Mood Music, Volume 2
June 9, 2012 1:57 AM   Subscribe

Days of music and ambient audio served up with no searching, little setup, and no subscription:

Previously mentioned, You Are Listening To has expanded its roster of city broadcasts to include Austin, Baltimore, Minneapolis, and more. Post intended as something of a sequel to this, previously.
posted by Bora Horza Gobuchul (16 comments total) 137 users marked this as a favorite
 
Here's 3:39 of awesome.
posted by R. Schlock at 2:44 AM on June 9, 2012


You Are Listening To is awesome. Is there a way to just get that audio stream premixed without keeping the site open, though? It'd be great for the reception area in my office...
posted by Joakim Ziegler at 3:02 AM on June 9, 2012 [1 favorite]

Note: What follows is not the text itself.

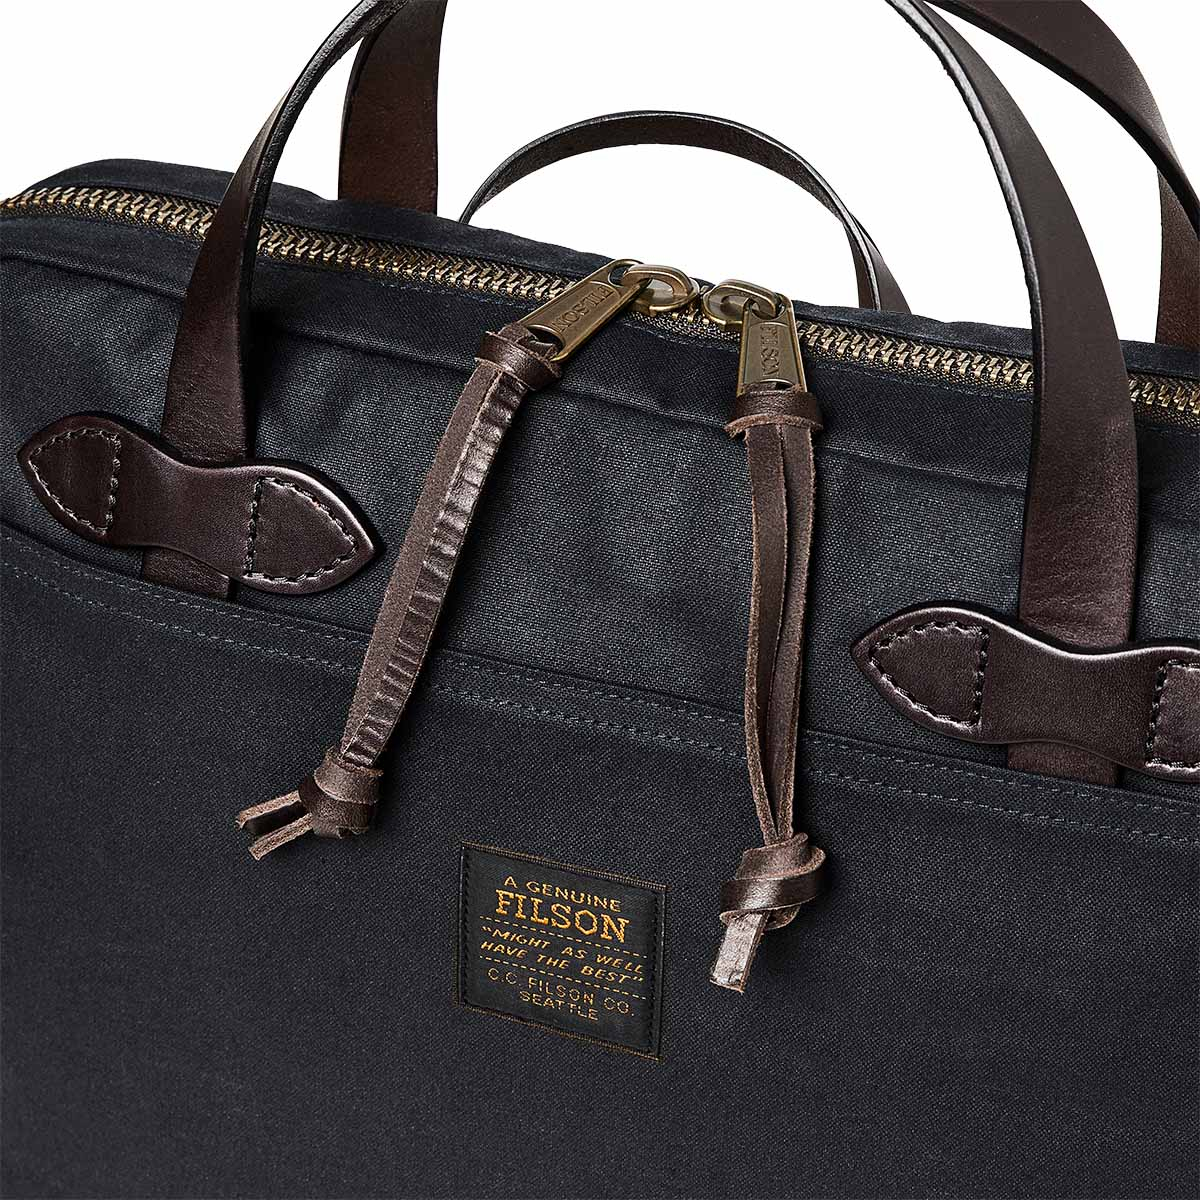 Filson Tin Cloth Compact Briefcase Navy, is uitermate geschikt voor je dagelijks trip naar kantoor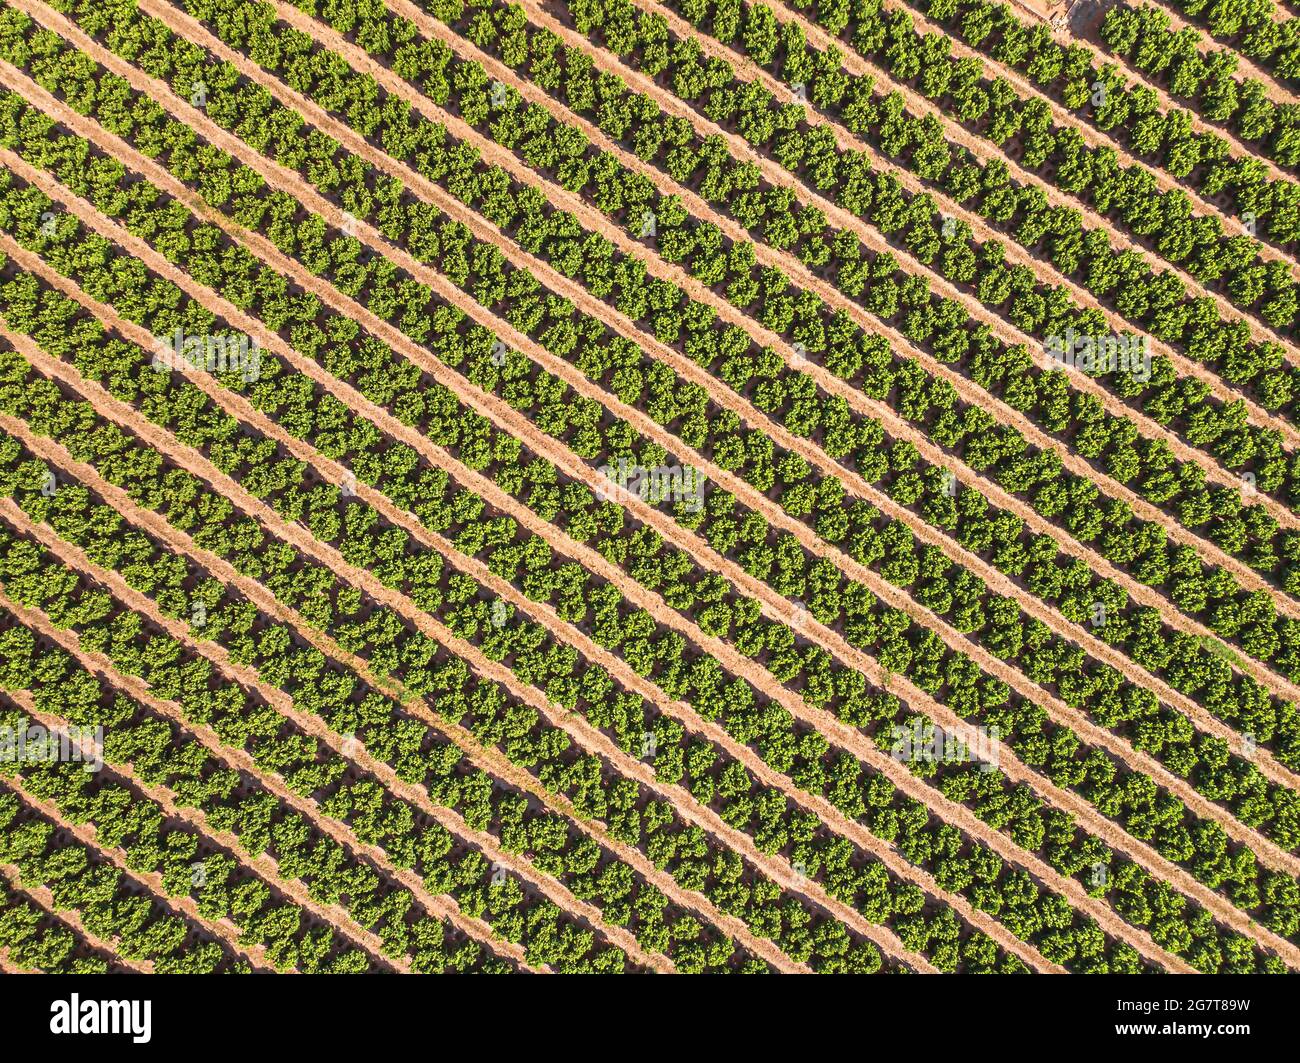 Paesaggio agricolo. Campo coltivato con alberi da frutto in file Foto Stock

10 hours of Darth Vader breathing.
posted by ceribus peribus at 3:30 AM on June 9, 2012


I'm listening to the thunder and rain since it's nearly 95F here, and sear-your-eyeballs bright, and it's going to be many a month until I hear this in real life. Unless... well, we just keep stacking up more plants in every available spot outside our apartment, so I'm sort of hoping they will create their own ecosystem and spawn a ministorm or two. Until then, 75 minutes of YouTube thunder and rain is pretty nice, though it's totally confusing the dog.
posted by taz at 3:39 AM on June 9, 2012


awesome post man, been playing with the party cloud thing for ages.

+Fav
posted by Cogentesque at 3:40 AM on June 9, 2012


They should rename it to "Party Sunshine"...
posted by KMB at 3:54 AM on June 9, 2012


Those "Thunder and rain" and "Amazon" tracks remind me a lot of the Environments series of records that came out in the 70's. I had a couple of them, and really found them relaxing. The recording quality was exceptional and really showed-off a good stereo system.
posted by Thorzdad at 5:38 AM on June 9, 2012


Great post. Here's another you might enjoy: '9 Beet Stretch' is a recording of Ludwig van Beethoven's ninth symphony stretched to 24 hours, without pitch distortion. The stream was started on saturday may 7th, 2005, at 20h15 (the moment of sunset (local time) in Vienna, Austria, where Beethoven's ninth symphony was first performed, on may 7th, 1824).
posted by Dean358 at 6:08 AM on June 9, 2012 [2 favorites]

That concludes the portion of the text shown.